# ECON 490: Difference in Differences (18)

## Prerequisites

1. Run OLS regressions.
2. Run panel data regressions.

## Learning Outcomes

1. Understand the parallel trends (PT) assumption.
2. Run the according OLS regression that retrieves the causal estimand.
3. Implement these regressions in the two-period case and in multiple time periods (a.k.a event studies).
4. Conduct a test on the plausibility of the PT whenever there are more than 1 pre-treatment periods.

## 18.1 What is the Relationship with Panel Data? 

Difference-in-differences is a **research design** that relies on the use of multiple (at least two) time periods. The idea is that in typical cross-sectional settings (i.e. where the variables are all measured at a single point in time) it is hard to defend a `selection on observables` assumption. However, panel data allows us to control for unobserved time invariant heterogeneity. 

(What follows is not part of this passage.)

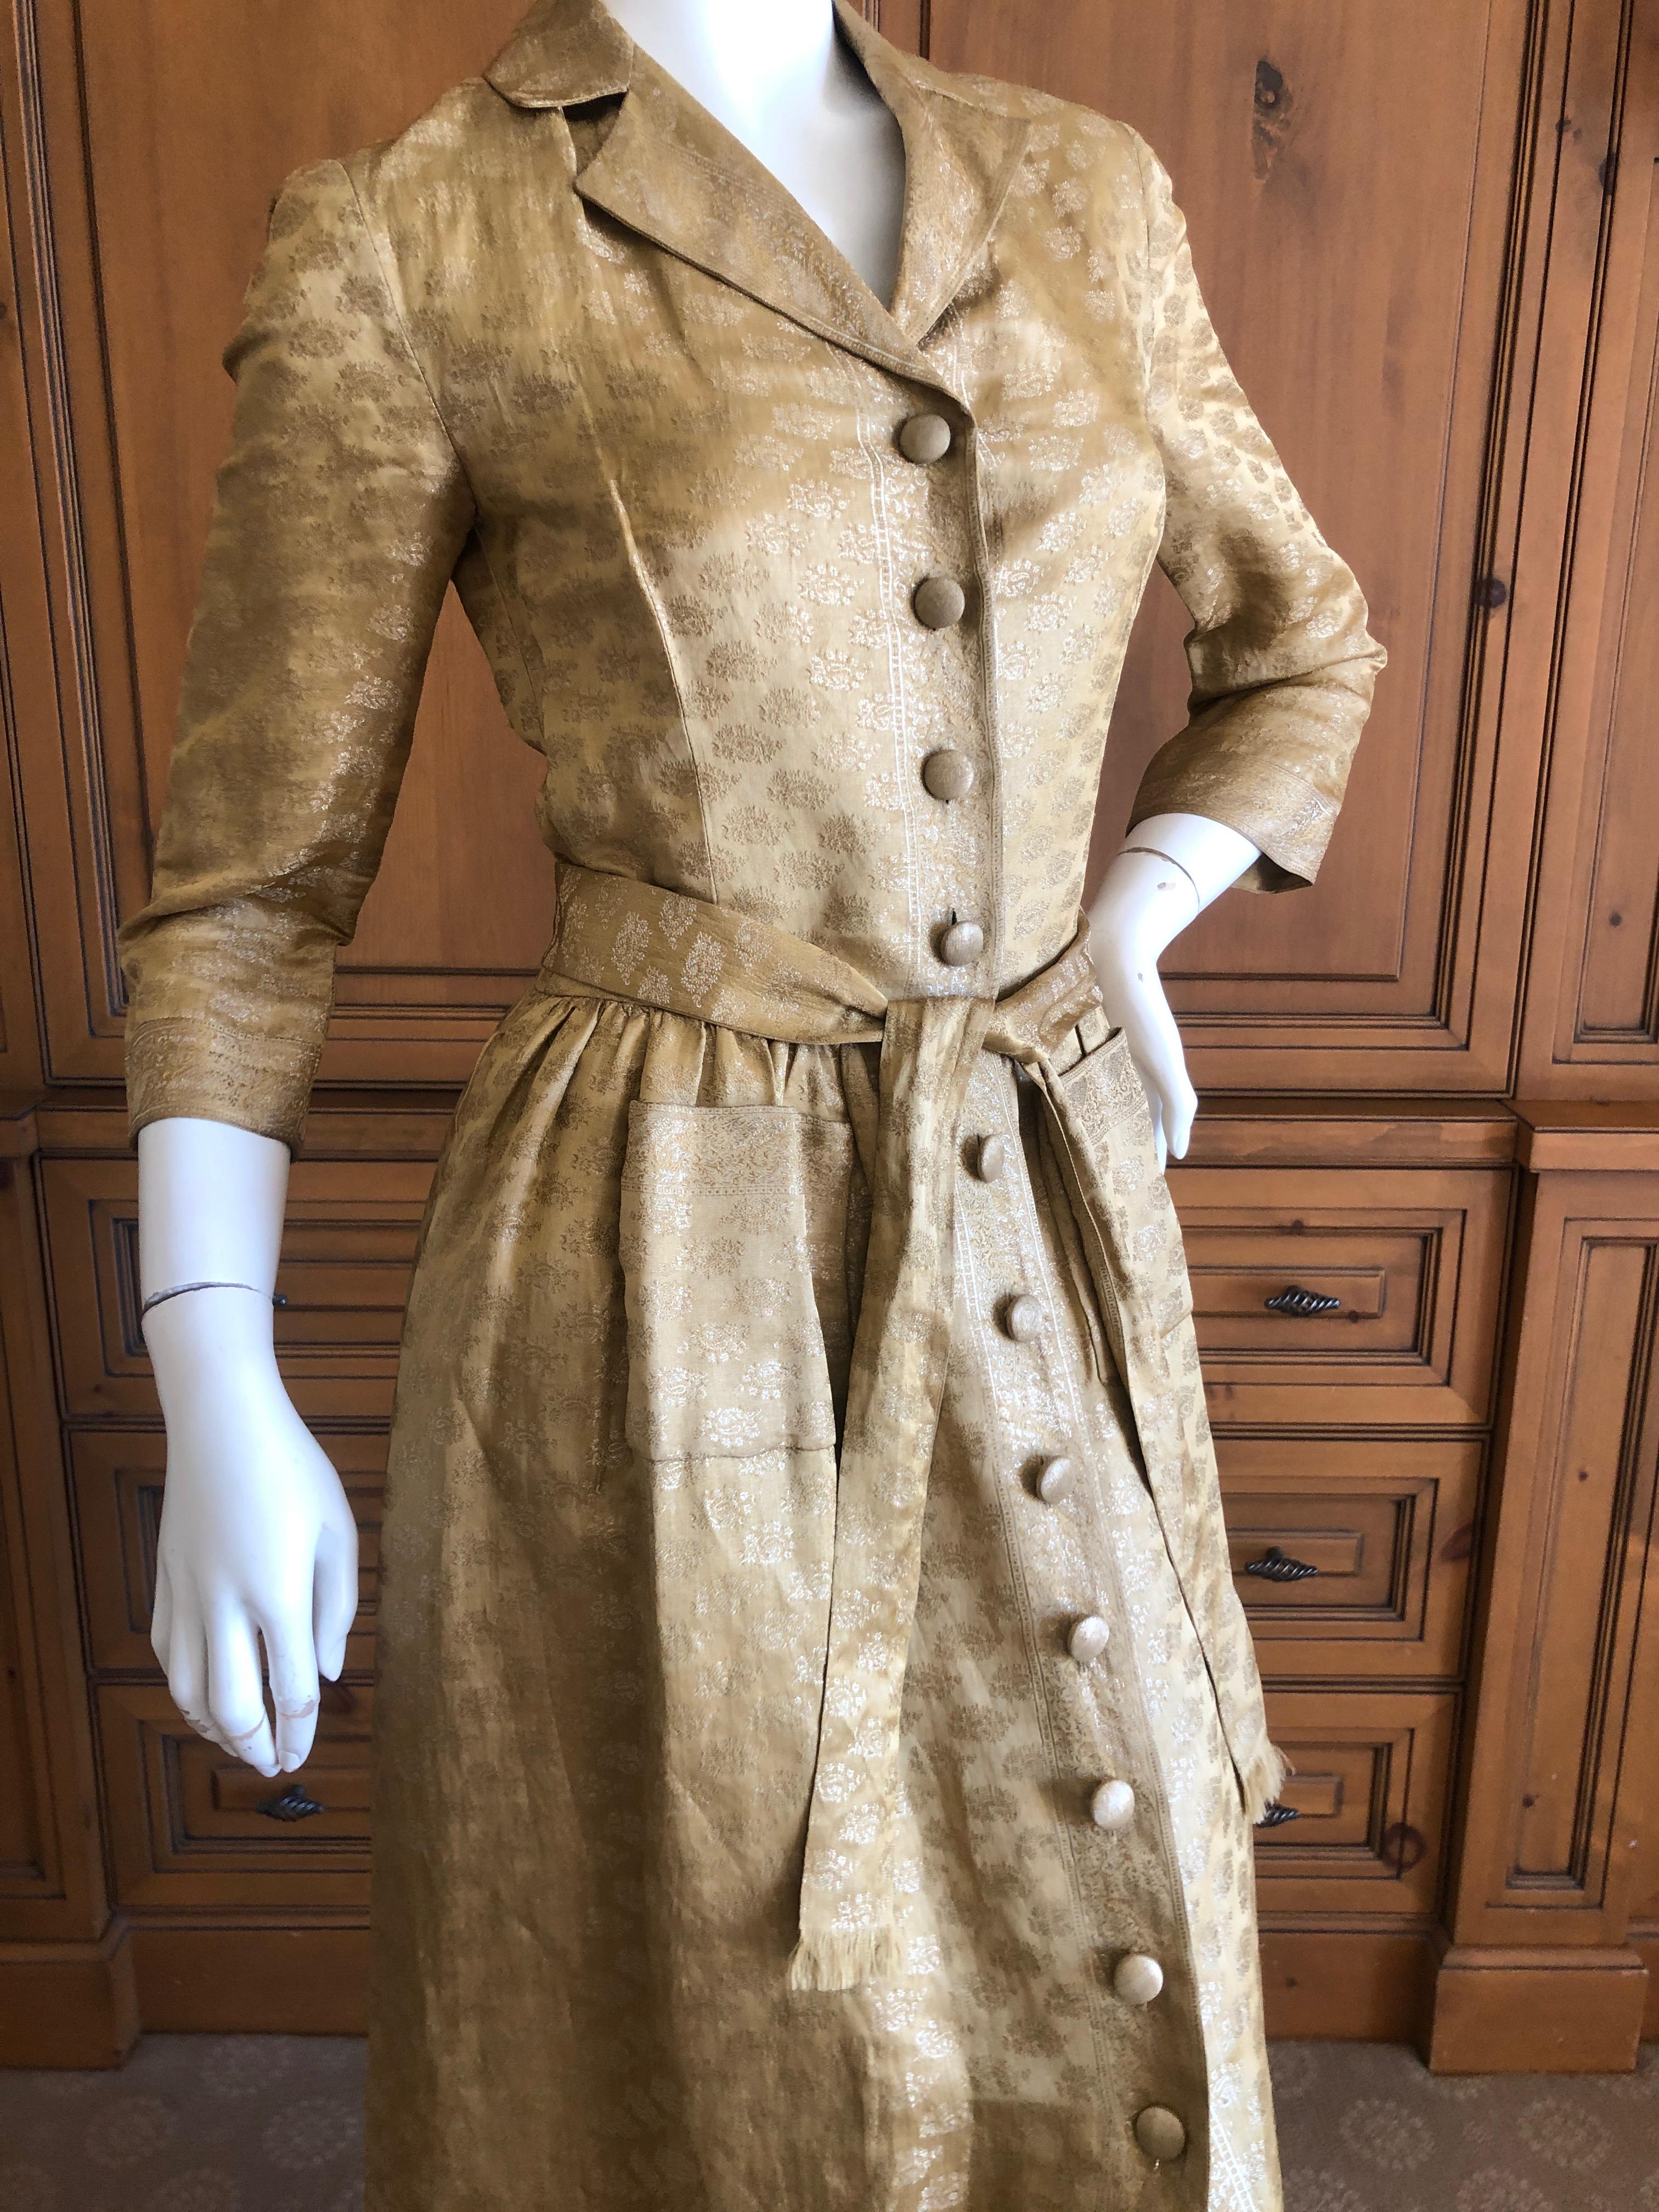 Oscar de la Renta Vintage Golden Brocade Dress as worn by CZ Guest to CFDA Award For Sale 1

Consider the following example. Earnings $y_{it}$ of worker $i$ at time $t$ can be split into two components:

$$
y_{it} = e_{it} + \alpha_{i}
$$

where $\alpha_i$ is a measure of worker quality and $e_{it}$ are the part of earnings not explained by $\alpha_i$. This says that a bad quality worker (low $\alpha_i$) will receive lower earnings *at any time period*. Notice that worker quality is typically unobserved and is usually part of our error term (the one that we don't want to be correlated with treatment!). In many cases, this invariant heterogeneity is the cause of endogeneity bias. In this example, it can be that workers who attend a training program also tend to be the ones that perform poorly at their job and `select` into this program. 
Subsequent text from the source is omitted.